I've created a busyness in my life that I am not entirely sure is all good. I need to have goals and a purpose to my days. But I have riddled myself with routines and schedules that I feel driven to keep.
When Dale spent the entirety of the day here last week, it through me for a loop. I got done what I had to do in the day ... but it was pretty late in the day before I could turn myself 'off'.
The 'off' signal is important to me. I have my rituals that signal the close of my daycare day. A tidy and vacuumed house, doors locked and the blinds closed means that I am closed for business. I breathe a heavy sigh of relief as I put my day behind me.
The book keeping work has a similar signal to me in my brain. The 'done' pile is completely organized, labeled and put together so that it can be swept away at the end of the work.
The book projects that I am working on are sitting in their pending pile. When I have the time to dedicate to them, they get moved to the middle of the kitchen table to signal 'work'. Back to the pending spot when I don't have the time.
I have spots in my kitchen for work in progress; pending work; and things that are ready to walk out of the door with me the next time I leave the house. These little piles are a constant reminder of the state of organization or disorganization in my mind. I love when my kitchen is clear of these physical reminders of what I must get done.
My wind down routines at the end of the day take place no matter what the time or circumstances. 'Getting my head ready for bed' is a figurative routine as well as a physical one. Physically, I wash my face, take out my contact lenses and brush my teeth. Mentally, I have washed the day down the drain and have my eyes in a state where I can close them and keep them closed. Once my head is ready for bed, my thoughts slow down and I am ready to relax.
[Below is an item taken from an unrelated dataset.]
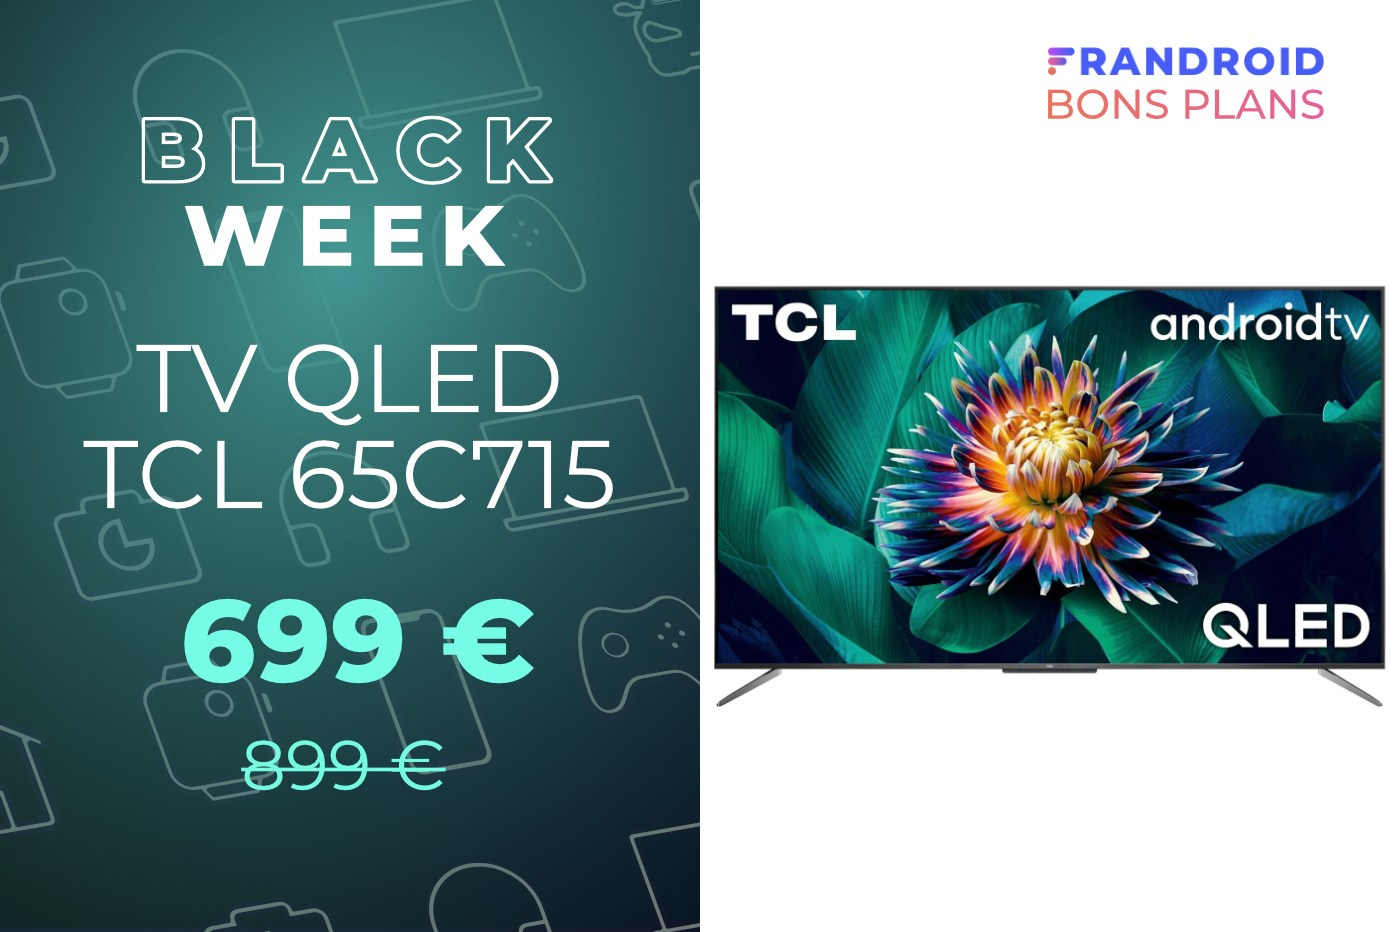 Cette TV QLED TCL de 65 pouces, avec Dolby Vision et HDR10+, ne coûte que 699 €

I like to have a process in place that keeps me driven and motivated. I don't enjoy the sensation of feeling obsessed. That means that something is out of balance.
I guess the down periods I have are there for a purpose. When I don't take the time to keep the days in balance ... I will have days/weeks where I quite literally do the bare minimum.
What I don't like, is the fact that my life is possibly too full. I like to hope that some day, I may meet a 'special someone' and add a serious relationship into my life. Racing through my days, becoming obsessed with my routines and rituals, needing a certain amount of time to myself, adding more work/people/obligations to my life ... leaves very little time left over.
What am I willing to give up? Right now ... I want it all. The book projects are above and beyond the regular commitments in my life. But they are a passion I simply need to see through. I need to finish what I've started. I know this.
When I look at all of the demands on my time, I know for a fact the one thing that I would gladly give up, if finances weren't an issue. It would be the 10 hours of each week day that I am obligated to my daycare family. It is my job of tending children and all the fluctuations of work and income that stems from that job that is truly draining my resources. If I could wave a magic wand ... all of that would disappear. And then I'd have the energy to pursue new horizons!
Time ... there is never enough of it when you are busy. The alternative ... having too much time on your hands, is not good either. As with everything in life ... it is all about balance.